Когда мы пришли, Вита спала, мне было постелено на канапе в комнатке, служившей Солину кабинетом. Книги были не только здесь, но в других помещениях они перемежались с посудой, да и полки не покрывали все стены, в двух местах в коридоре они превращались в лесенки шведских стенок. Здесь же кроме книг ничего не было, книги занимали все стены от пола до потолка. Даже окна в этой комнате не было. Или оно было заставлено книгами?
— Слушай, у тебя есть Бодрийяр? — спросил я.
Солин сразу не ответил, из чего можно было сделать вывод, что Бодрийяра у Солина нет. Но он не мог так просто признать наличие таких дыр в своей библиотеке.
— Зачем тебе Бодрийяр? — спросил он.
— Я в газете читал о его недавнем выступлении, что-то о системе, которая сейчас обратится против себя...
— Вот прямо сейчас? Он это ещё тридцать лет назад твердил, — сказал Солин, — причём же тут газета?
— Не знаю, там это выдают за его последнее выступление. В общем, я хотел полистать перед сном. Стасик, кстати, его любит, ты знаешь?
— Я тем более не понимаю, на кой чёрт Бодрийяр Стасику. Все эти симулякры. Слово-то какое. Тьфу.
— Ну правильно — это помогало Стасику симулировать мышление.

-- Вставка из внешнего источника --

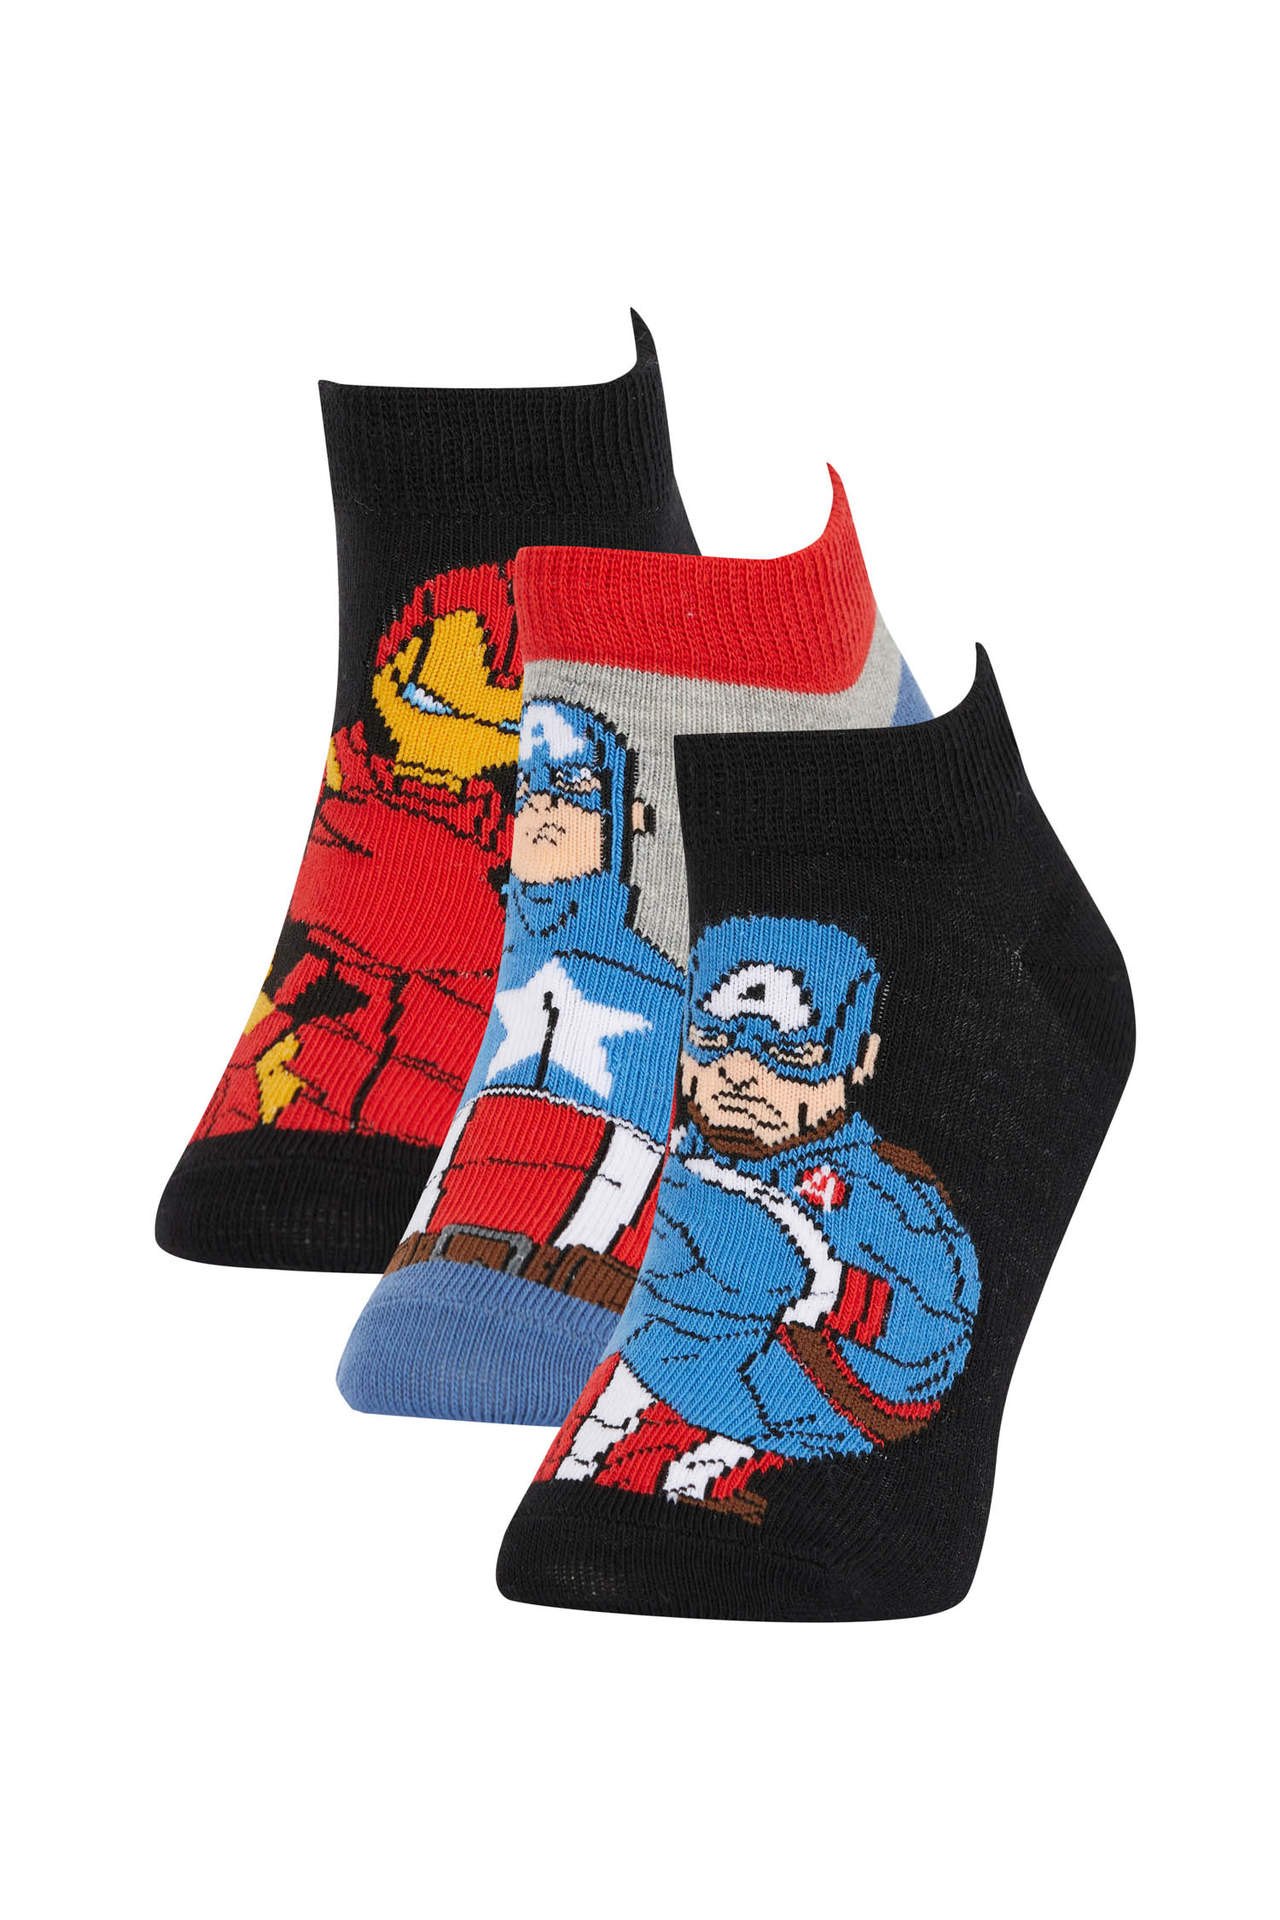 DEFACTO Boy Marvel Avengers Licensed 3-pack Cotton Booties Socks

Солин усмехнулся. Он курил голландский табак «black captain». Пахло аппетитно, я попросил у него трубку. У него была целая коллекция трубок, я тоже ему когда-то дарил на день рожденья...
— Так у тебя нет Бодийяра, — сказал я.
— Что мне делать, — буркнул Солин, — чубук тебе набивать или Бодрийяра тебе искать?
— Сначала трубку.
— Стасику зачем он нужен, ты объяснил. Ну а тебе?
— Я же говорю, какие-то новые у него мысли. Как-то всё это кажется связанным с актуальной геополитикой...
— Актуальной? Брось. Актуарий ты наш. Какие там мысли. Тем более новые... Нет у него никаких новых мыслей, поэтому он и занялся фотографией. А когда надо что-то сказать на своём вернисаже, или ещё где-то, он повторяет то же, что и тридцать лет назад.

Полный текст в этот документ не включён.